RI Guest Blogger: Eileen Shields-West on News from Burma

Wednesday, November 07, 2007

Refugees International Board Vice-Chair Eileen Shields-West just finished a mission in Thailand focusing on the situation for Burmese refugees and how the impact of the ongoing conflict inside Burma affects the stability of neighboring countries.

It is a picture of a solitary young monk behind bars. A boy of five or six years old, he is looking away, hands gripping the iron bars with an extremely sad look in his eyes. The picture ran in The Economist in late September, during the week of the major protests and fearsome crackdown in Rangoon, the capital of Burma. It was captioned: “No Way Out?"


Many of us, as we took the plane over here and looked through our briefing papers, were moved by this provocative and compelling picture. The picture told a thousand words and symbolized the cruelty of this latest round of suppression that even swept up young monks, or novices, as they are called, along with thousands of others, into detention centers.

At every opportunity, and this was especially the concern of fellow Board member Carol Ann Haake, we would ask for any information at all about the picture, about the boy and about the fate of all the children and adults who may have been swept up in the crackdown. It became an interest of all of us.

In most cases, we got disappointing but not unsurprising answers. The people we asked just did not know enough to fill in the blanks. We needed to know: What had happened to this young novice? How many other children had been rounded up and how many were still being detained?

Finally, we met John Glenn, head of the Assistance Association of Political Prisoners (AAPP), and former political prisoner himself who fled Burma for fear of arrest in 1988. He is now giving cash and encouragement to political activists still in the country. We sat with him outside, interviewing him in front of a bulletin board of pictures titled “Saffron Revolution.” And there it was -- a color photo of our novice behind bars.

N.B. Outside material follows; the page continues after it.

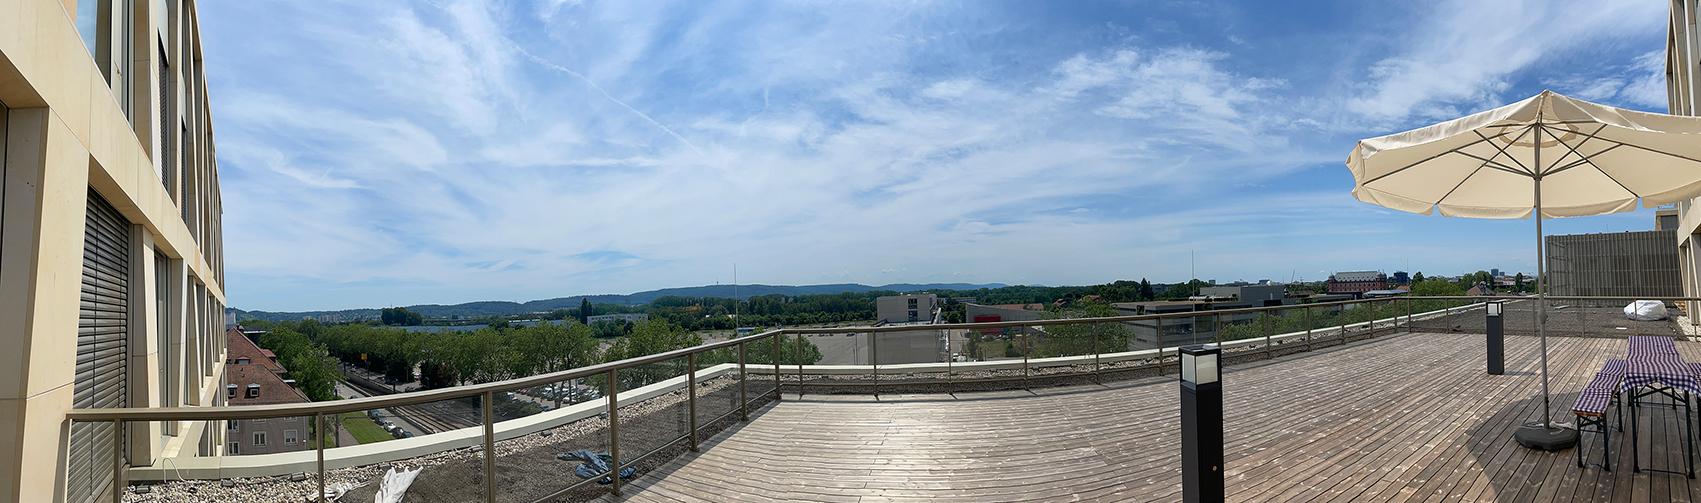 Dachterrasse Panorama Durlacher Allee 75-77
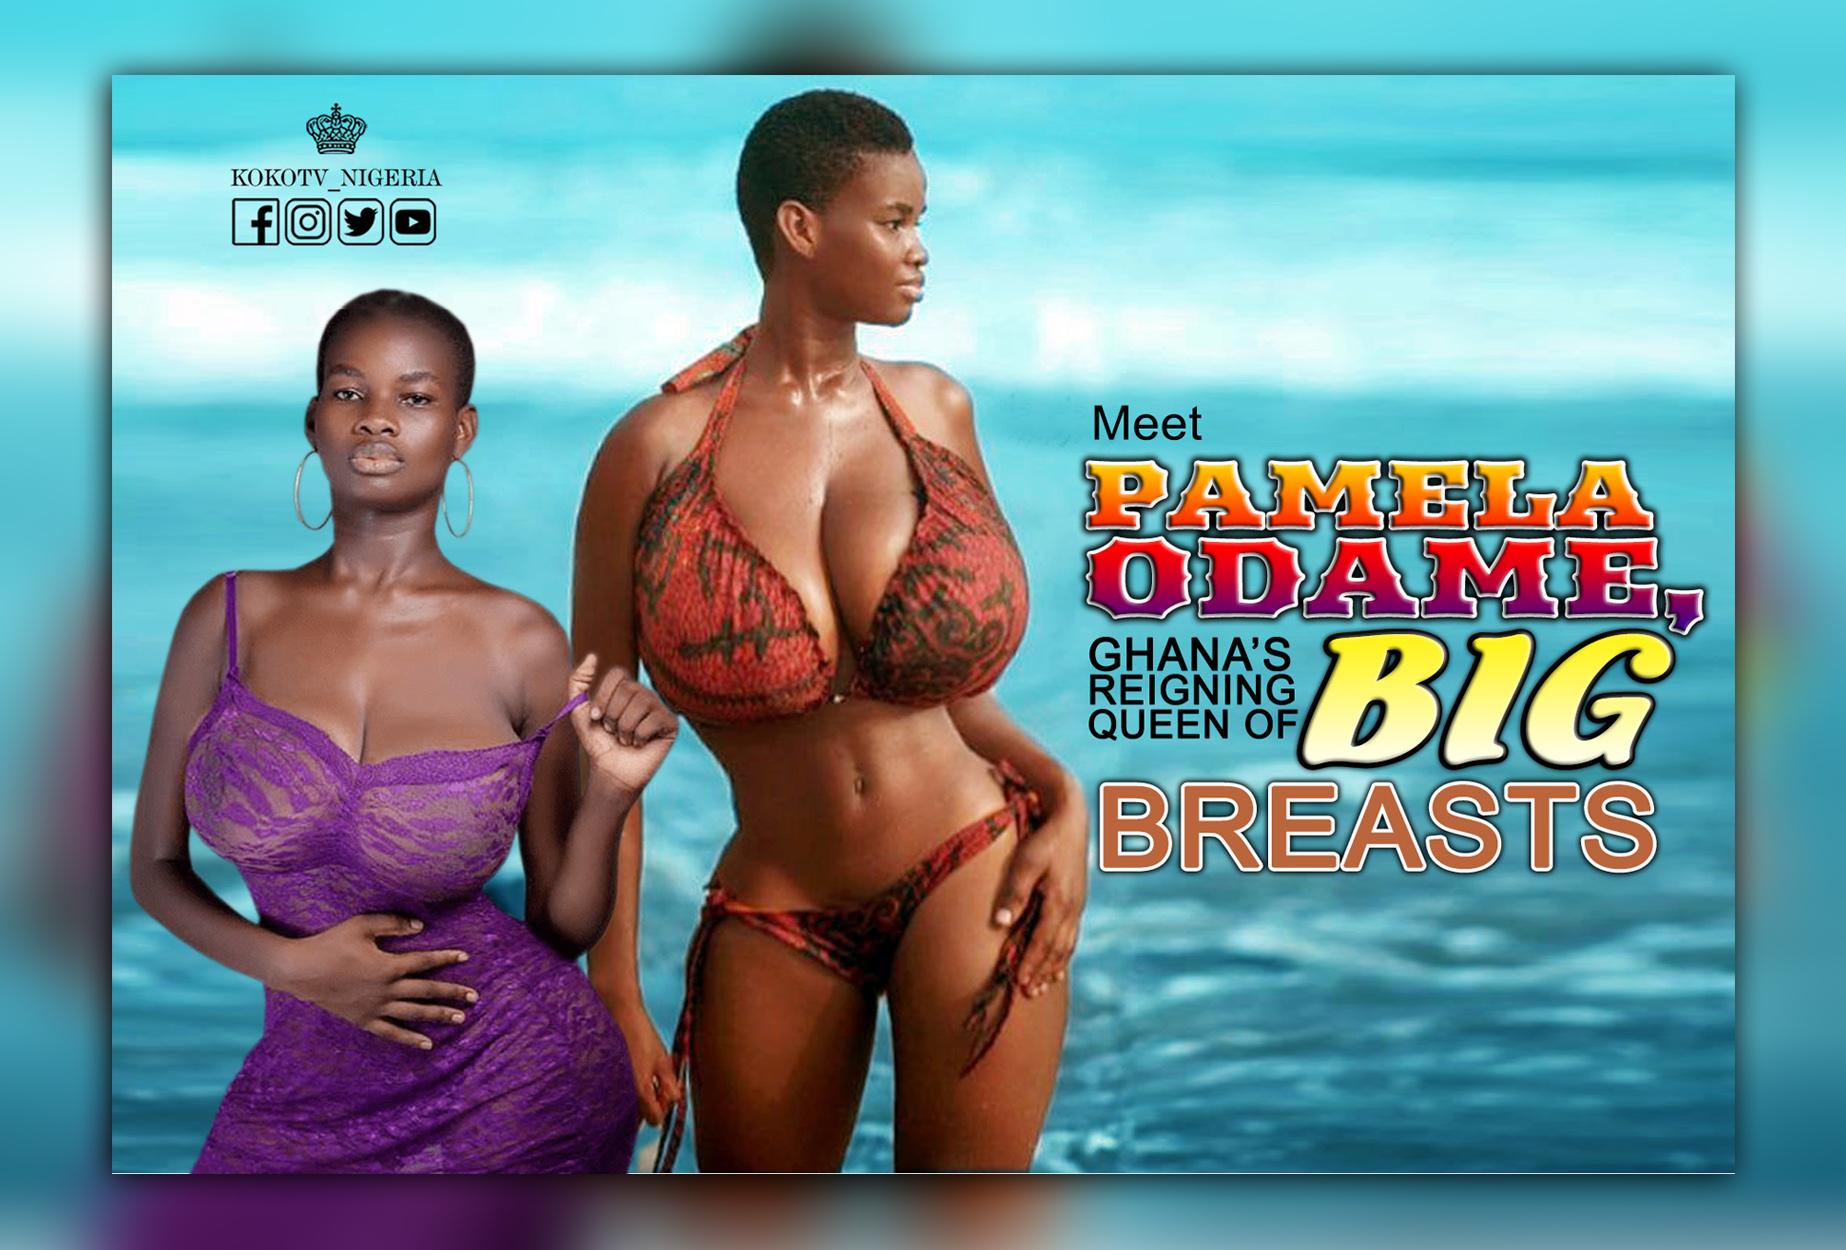 Breast com big 10 Best

So we asked: What do you know of this boy? Is he still being held? How many others, young like him, were rounded up? Glenn did not know. He turned to a colleague who also was not aware of how the organization had gotten the picture.

It was frustrating, but we did learn some things that we could work with. According to the AAPP list, there are 20 novices who were detained, the youngest is about five. (Novices can range in age from five years to eighteen. After that, when you put on the russet robes, you are called a monk.) Glenn added that the ICRC or the International Committee of the Red Cross has not been allowed to go into the detention centers to confirm numbers held and the conditions of detention.

Glenn believes that during the crackdown the regime rounded up about 3,000 to 4,000 people. (The Burmese government has publicly said that about 3,000 were taken into custody.) His organization has only been able to confirm 150 releases, but says the regime is claiming to have let go 2,000. Also, according to Glenn, there are still 660 political prisoners in prison, while the regime is saying that 190 remain in jail.

Glenn told us that the September uprising was different from the one in 1988 when many activists quickly fled across the border. To his knowledge only thirteen have come into Thailand, explaining “Now they still survive in Burma and still want to continue their activities. Maybe they are still in hiding. It is difficult to know. We don’t know where they are – thousands of people.”

When we left the interview with Glenn, we felt we knew a bit more about the present situation inside Burma. But journalists and others we met registered a degree of healthy skepticism.

They say it is really hard to gauge what is happening within the country at this time. They’ve heard stories, too, about children being held and many people still behind bars, but they cannot corroborate most of them. For one thing, internet access was cut again this week when a small group of monks in Pakokku came out to protest once again, demanding lower fuel prices and the release of political prisoners. It has been down for three days now. They add that you have to question the picture itself – its origin and its reality. It could have been, for example, a novice monk looking through a gate instead of jail bars as feared.

This is Burma, they say. It is looking though a glass darkly. The secrecy, the suppression and the silence are all unbearable, but it is the condition under which people live there, making it more than difficult to tell the real story. It is a country which has shut itself off from the rest of the world (a “hermit kingdom,” a US official says) and only international pressure, especially from Burma’s fellow ASEAN countries, will make a difference.

In the meantime, though, the picture has done its job. It has helped to rivet attention on the victims -- young as well as old -- of the Burmese’ government’s latest actions and that is a good thing.